Given records:
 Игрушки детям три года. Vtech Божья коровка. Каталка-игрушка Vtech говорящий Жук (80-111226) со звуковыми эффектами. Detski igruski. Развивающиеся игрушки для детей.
==
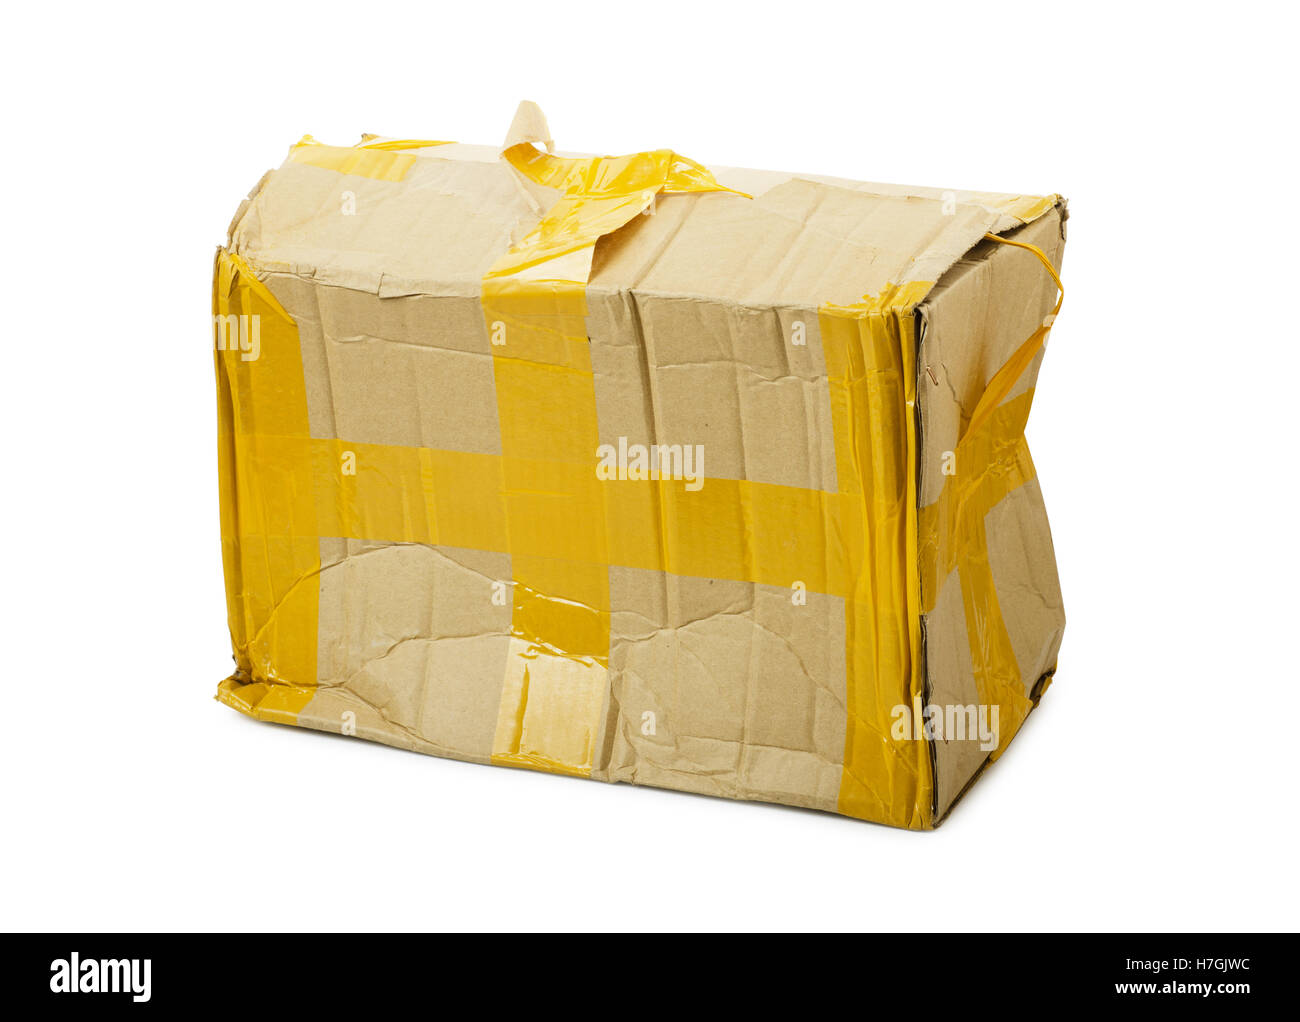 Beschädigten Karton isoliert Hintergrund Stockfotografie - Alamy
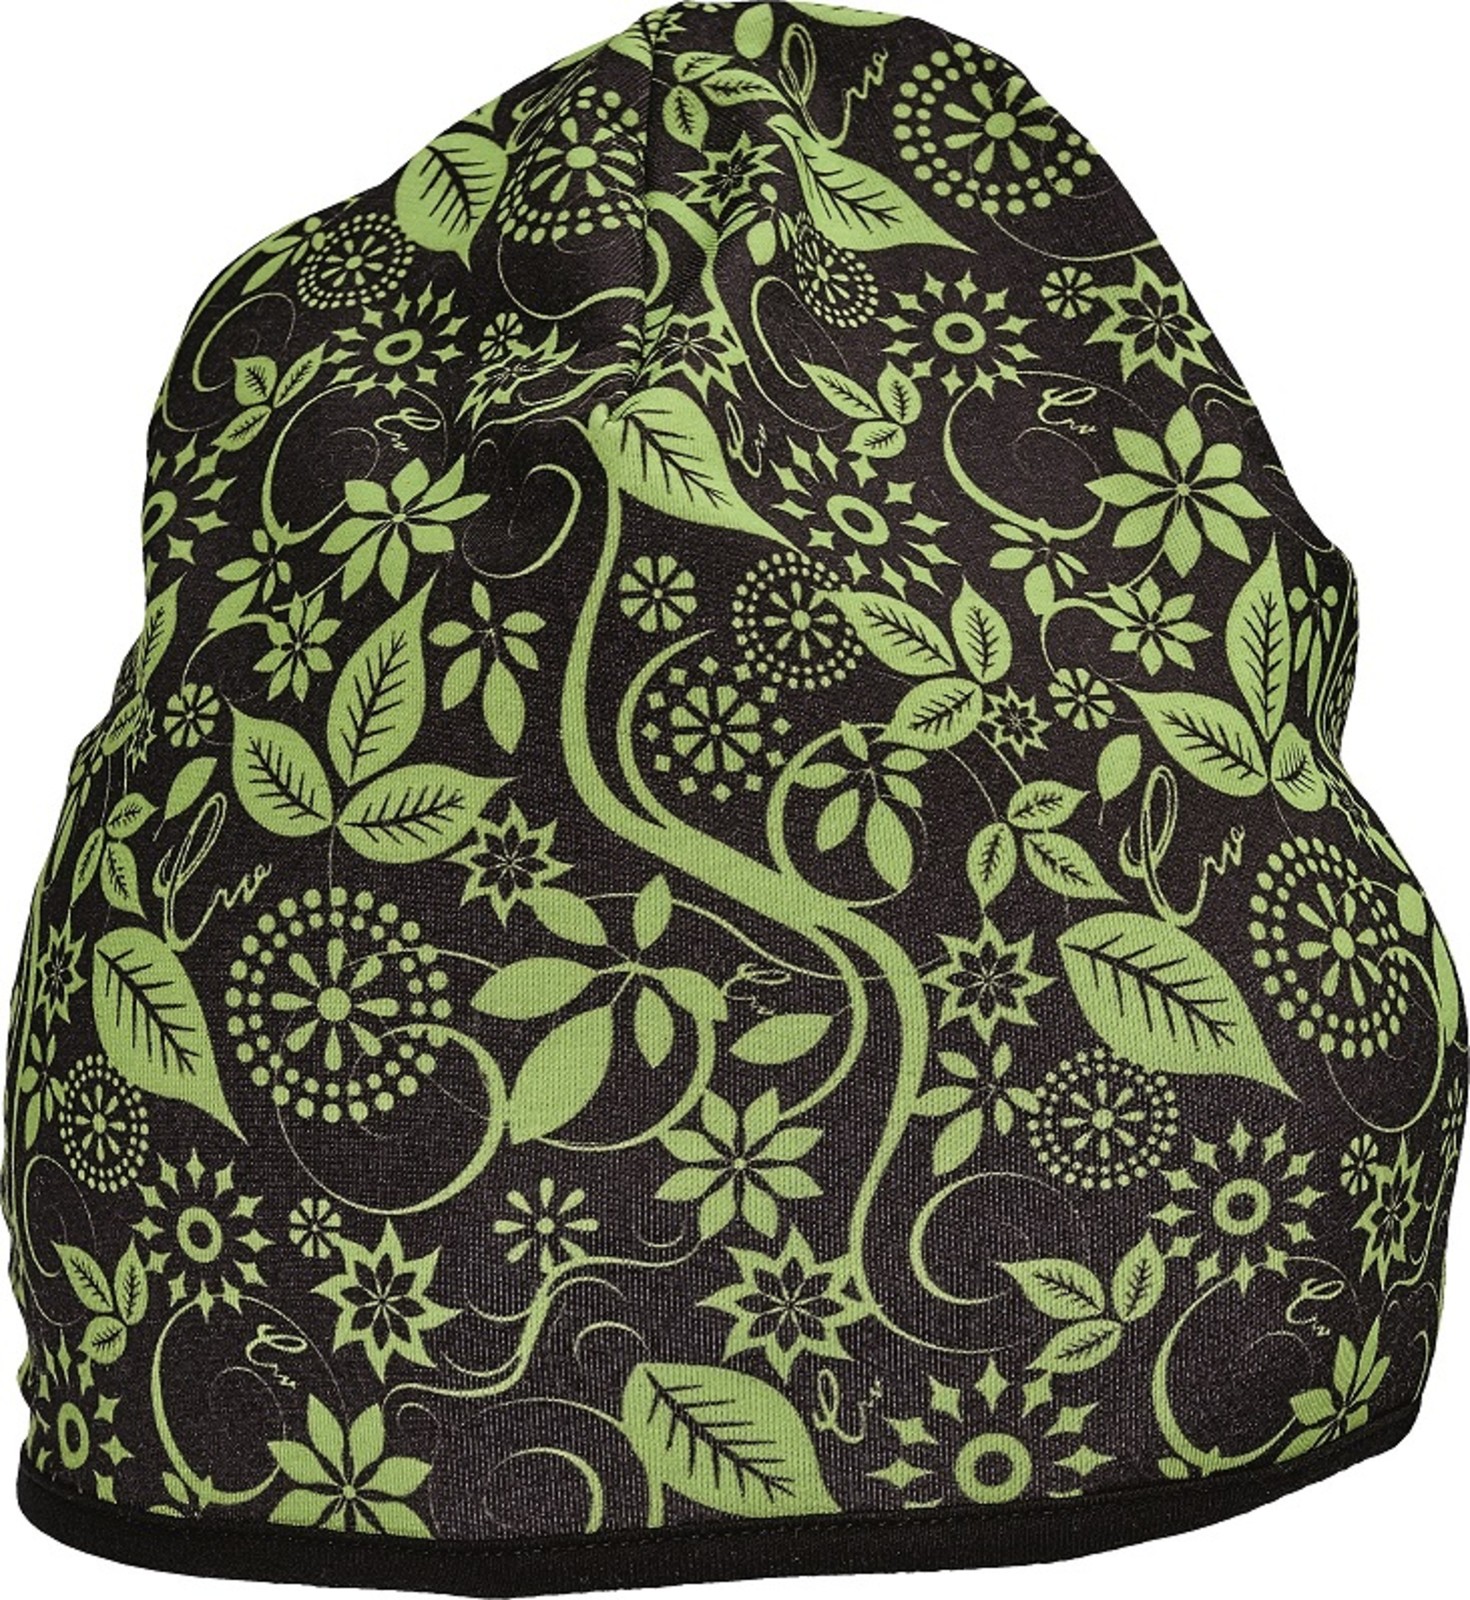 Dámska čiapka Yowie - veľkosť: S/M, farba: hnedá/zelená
==
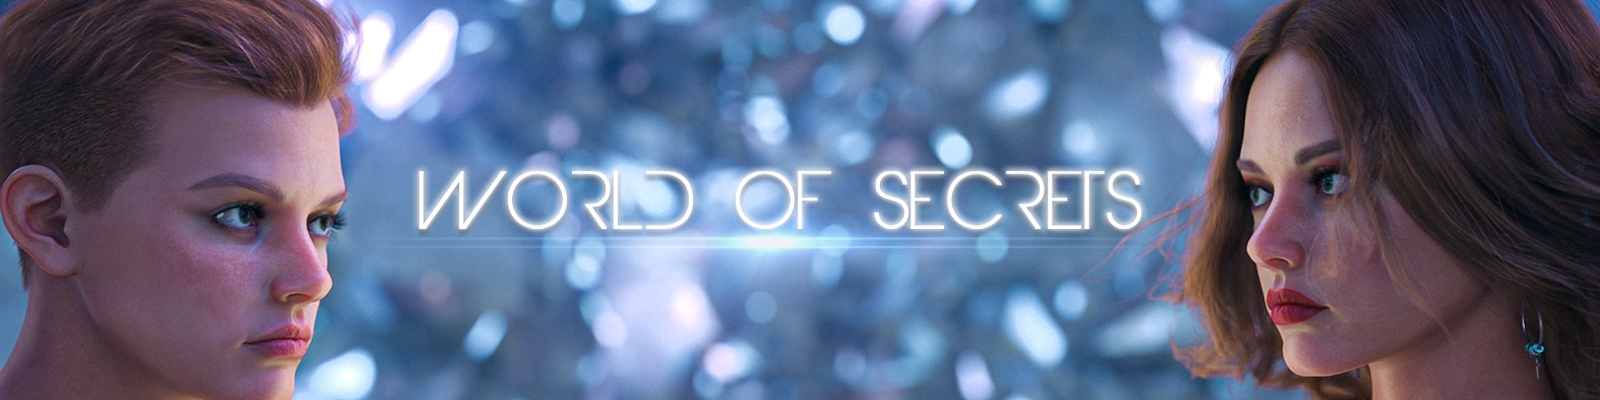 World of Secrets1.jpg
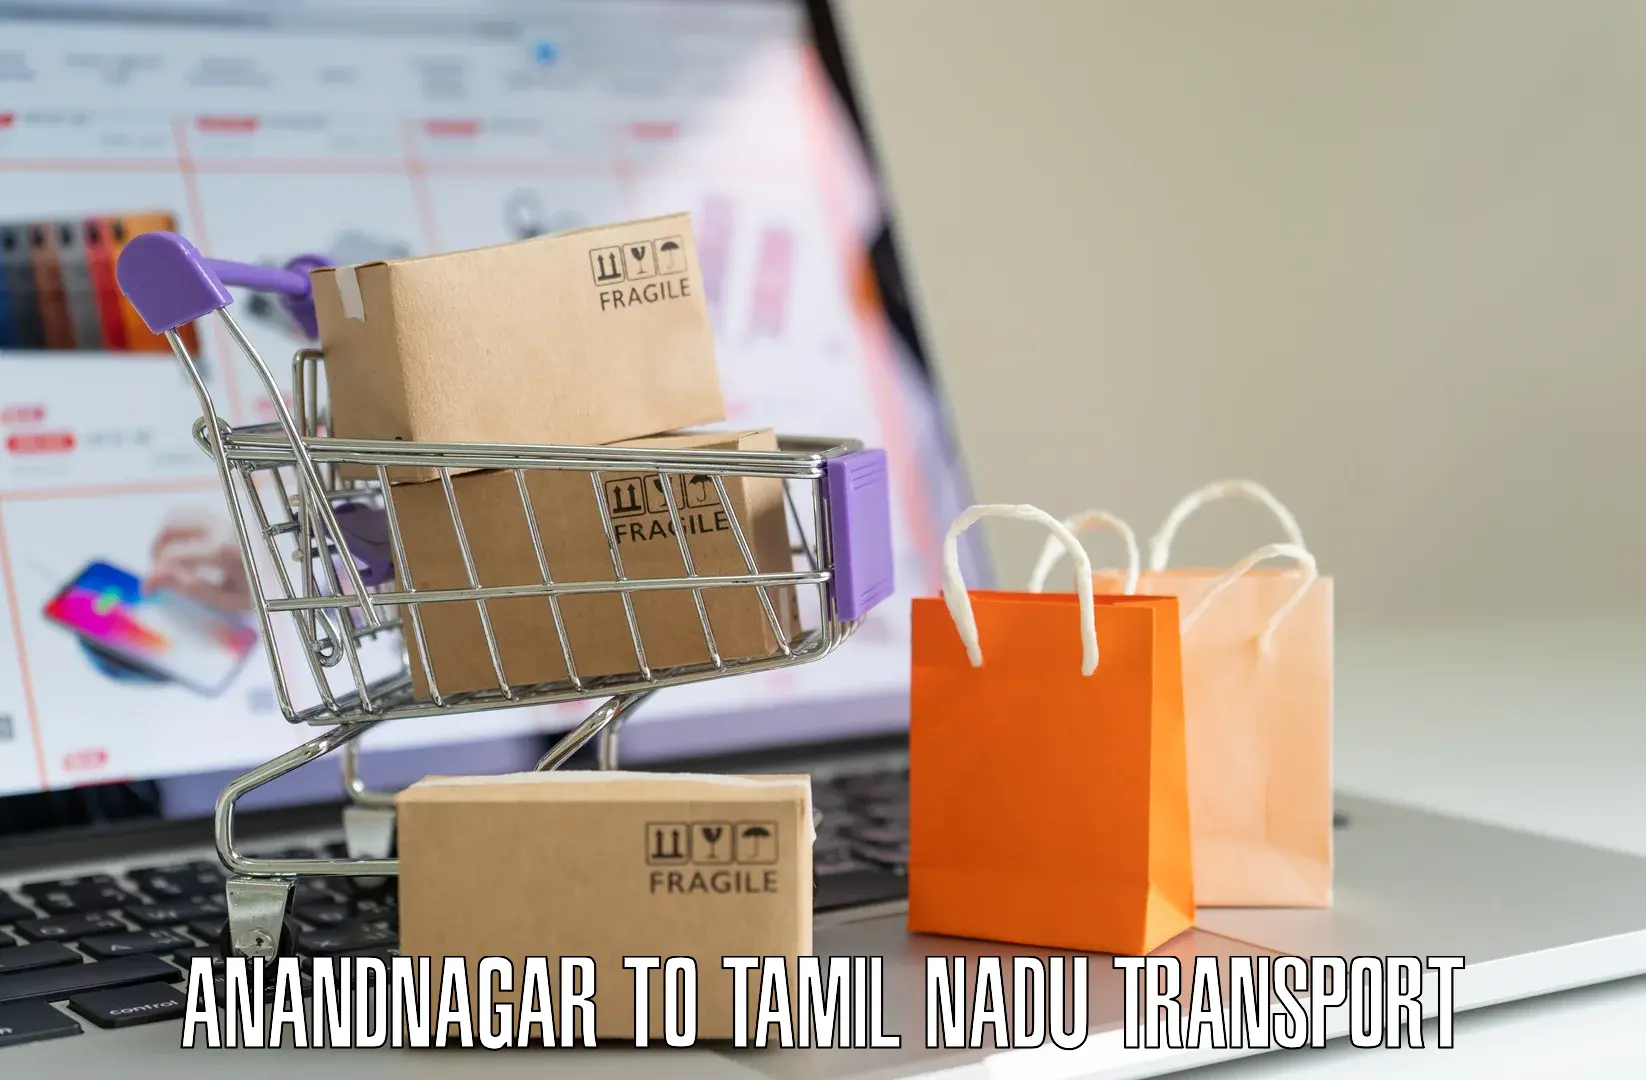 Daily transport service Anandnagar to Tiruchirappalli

The task: With the pictures omitted, copy the entries above exactly from the line containing "World of Secrets1.jpg" through the line containing "Daily transport service", both lines included.

Result of the exercise:
 World of Secrets1.jpg
 Daily transport service Anandnagar to Tiruchirappalli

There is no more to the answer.